Figure one indicates that not only can we induce Prha with rhamnose, but that the promoter is quite tightly regulated with minimal leaky expression without the rhamnose inducer. This makes it an excellent candidate for a killswitch construct, as it would allow for minimal expression of kill genes when when activators are not present. Prha is more tightly regulated as opposed to other expression platforms in the registry. Consider, for example, the LacI promoter which show significant leaky expression without IPTG inducer (see Figure 4C where we showed this leaky expression on our [http://2012.igem.org/Team:Calgary/Project/FRED/Reporting electrochemical reporting page]).
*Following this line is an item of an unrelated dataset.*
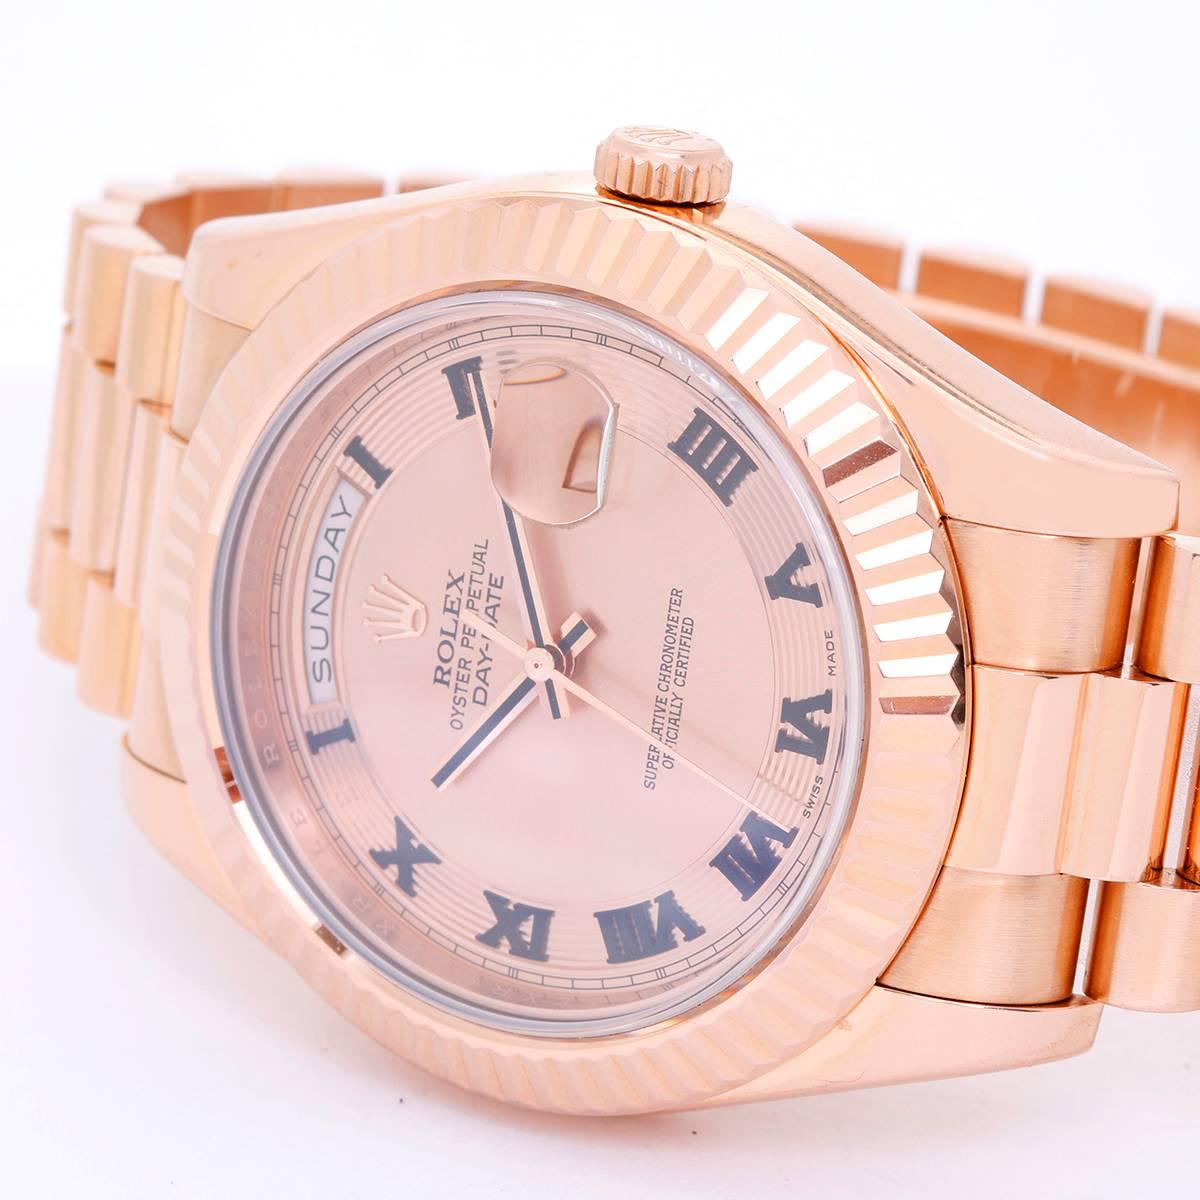 Rolex Day-Date II 41mm 18k Rose Gold Men's President Watch 218235 -  Automatic winding, 31 jewels, sapphire crystal, with day and date. 18k rose gold case with fluted bezel (41mm diameter). Pink concentric dial with black Roman numerals. 18k rose

Note that this construct does not involve the use of either rhaR or rhaS regulatory elements. Induction of this construct was entirely dependent on levels of these regulatory proteins from the native E coli. genome. In future trials, we hope characterize Prha by also expressing the two control proteins on the constructs. Other teams might try placing rhaS and rhaR on the opposite side of Prha (see the Prha page to learn of how this promoter also controls rhaR and rhaS). For the purpose of Prha and our kill system, we wish attempt constitutive expression of rhaS so that our system is not dependent on the presence of rhamnose to activate the kill genes. More experimentation is necessary.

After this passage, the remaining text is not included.